В городе петь боялась.

А тут запела:


Вьётся, вьётся сокол, над речной осокой

А осока вьётся, вьётся над водой

Залетает сокол в небеса высоко

Где ты, ясный сокол, милый мой


Сначала тихо пела.

А потом громче и громче.

Так что люди останавливались.

Когда закончила, все захлопали.

А Коля сказал, что у него в деревне эту песню тоже пели, но никто не пел так… как я.

Я тогда поняла, что Коля не любит Лиду.

Что Коля любит меня.


Милый мой далёко, во чужой сторонке

Во чужой сторонке, в дальней стороне

За горой высокой, за рекой глубокой

Во широком поле на войне


Такие там были слова.

Он проводил меня до дома.

А я не хотела уходить.

И пошла провожать его до дома.

На Тугову гору.

Я была сильная, не боялась никого.

И Колю все знали на фабричной стороне.

Меня бы никто не обидел.

Мы шли по мосту, и он просил меня петь.

И я пела.


Во письме он пишет: нету больше мочи

Нету моей мочи во врага стрелять

Мне бы только милой ласковые очи

Перед смертью лютой увидать


На мосту он меня поцеловал.

Он жил в бараке под Туговой горой.

Несколько человек в одной комнате.

В ту ночь их не было.

Тоже гуляли.

И мы зашли к нему выпить чаю.

Хотя какой чай.

Вода горячая.

Чаю не было.

И хлеб чёрный.

Ничего вкуснее не ела никогда.

И тогда я увидела его портрет.

Фотокарточка в рамке на стене.

Коля там был такой красивый.

И я, озоруя, сняла его.

Взяла и не отдала.

Сказала, он всегда будет со мной.

А Коля только смеялся…

Назад я одна шла.

Утро уже было.

Город пустой – воскресенье.

Трамваи ходили через мост.

А у меня денег не было на трамвай, я бежала.

Будто летела.

И портрет в руках.

Да побоялась с портретом домой идти.

Вещей своих не было, даже спрятать некуда.

Смотрю – чердак открыт.

Я и залезла.

Под стропило сунула.

Хотела вернуть.

Паузы во фразах становились всё дольше. Бабушка будто бы задыхалась.
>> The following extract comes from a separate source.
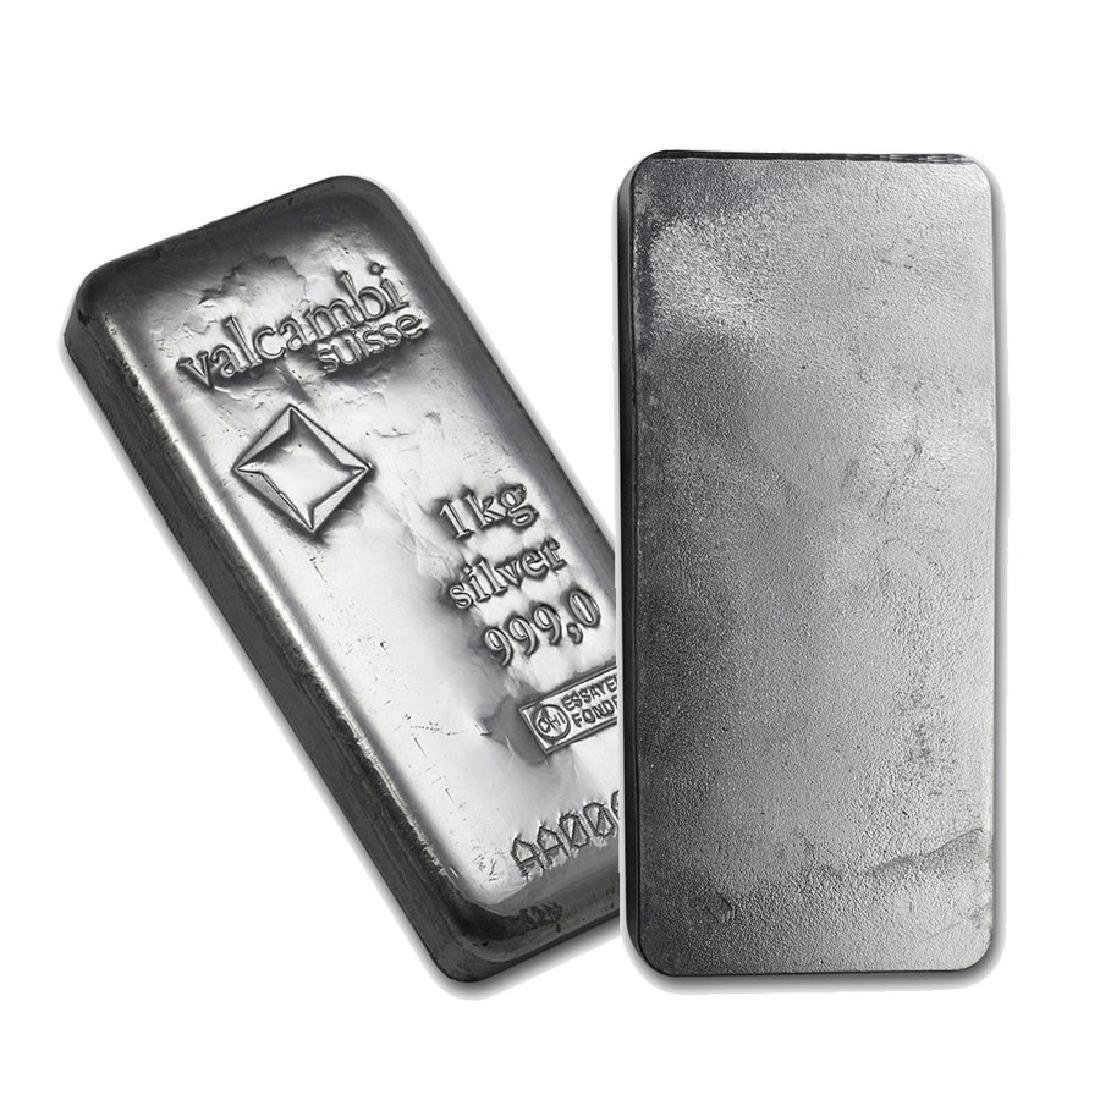 One piece 1 kilo 0.999 Fine Silver Bar Valcambi with

Говорить так много было ей тяжело, но и Вере, и Годунову было очевидно, что она хочет всё досказать.

– Следующим днём, девятого июля, всё Колино училище поехало за Волгу. Работать в колхозе. Их погрузили на баркас. Баркас отплыл от берега, а мимо плыл пароход. Капитан решил пошутить и дал ходу. Поднял волну. Баркас был перегружен и перевернулся. Девяносто восемь человек погибли.

Коля погиб.

Я долго не верила. Он должен был выплыть, сильный был. Может, других спасал и сам утонул. Но тела не нашли, многих не нашли. На Туговой горе хоронили, в братской могиле. Молодые всё парни. Страшно. И я долго верила, что он живой.
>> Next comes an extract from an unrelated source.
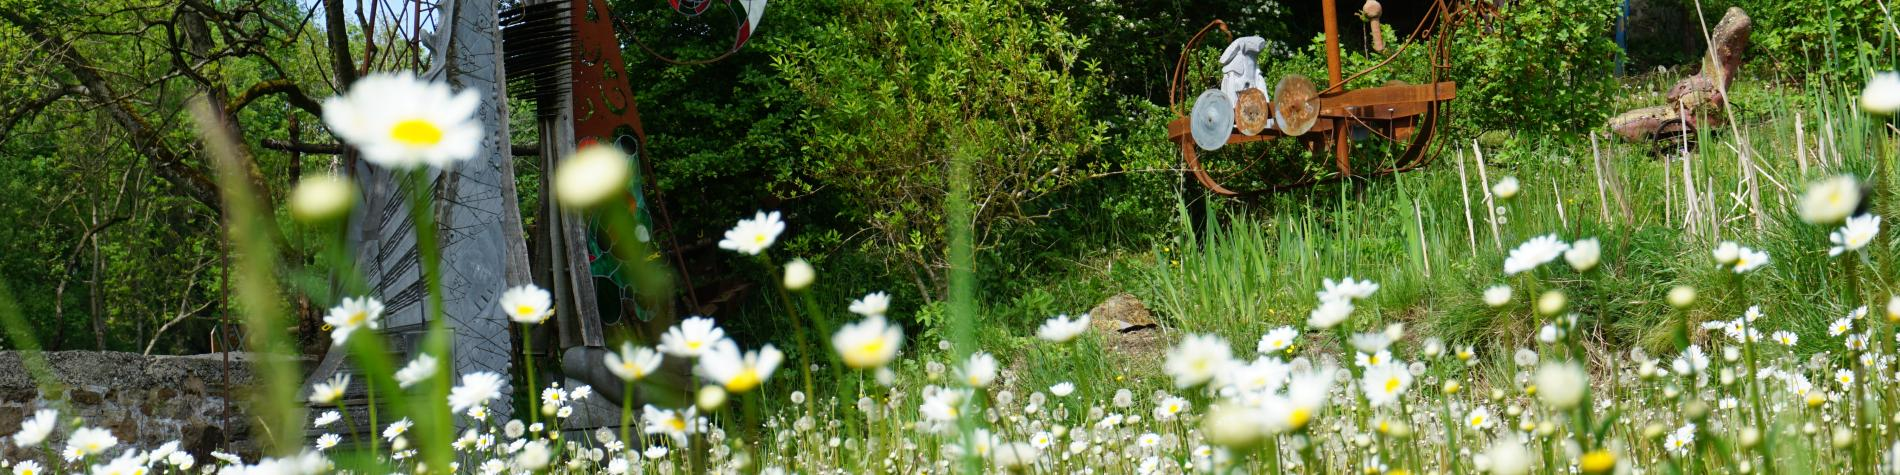 Jardin fleuri et boisé

Бабушка замолчала. Они ждали. Наконец Вера прервала затянувшуюся паузу.

– Почему ты не забрала портрет?

Бабушка не отвечала, словно не слышала. Вера повторила вопрос.

– Мы уехали снова в Ягорбу… Из-за меня. Я была беременна.

– Николай – мой дед?

– Да.

– Но у тебя же был муж.

– Потом. Из Ягорбы. Мы вернулись, отец вернулся, вступили в колхоз. Саша раньше на вечеринах всё ко мне садился в серёдки. Да я не любила его. А как узнал, что я вернулась с животом, предложил выйти замуж. Я не хотела, не верила, что Коля погиб. Но мать заставила. И отец. Тогда нельзя было одной рожать.

– Но потом же ты жила в Ярославле. Почему потом не забрала?

– Столько лет прошло… Война. А Коля у меня всегда словно перед глазами стоял. А теперь нет. Забыла. Хоть бы взглянуть на него разок.

Бабушка лежала, приоткрыв рот, а Вера и Годунов сидели, не смея шелохнуться. Наконец, Годунов показал взглядом на дверь, и Вера кивнула.

– Увидимся в депо, – шепнул он ей в дверях.


Лиза


Города сложены из историй. Множества историй, коротких и длинных, радостных и печальных, достойных великих книг и не достойных даже милицейского протокола. Они влетают в дома и вылетают из них, как дым из трубы.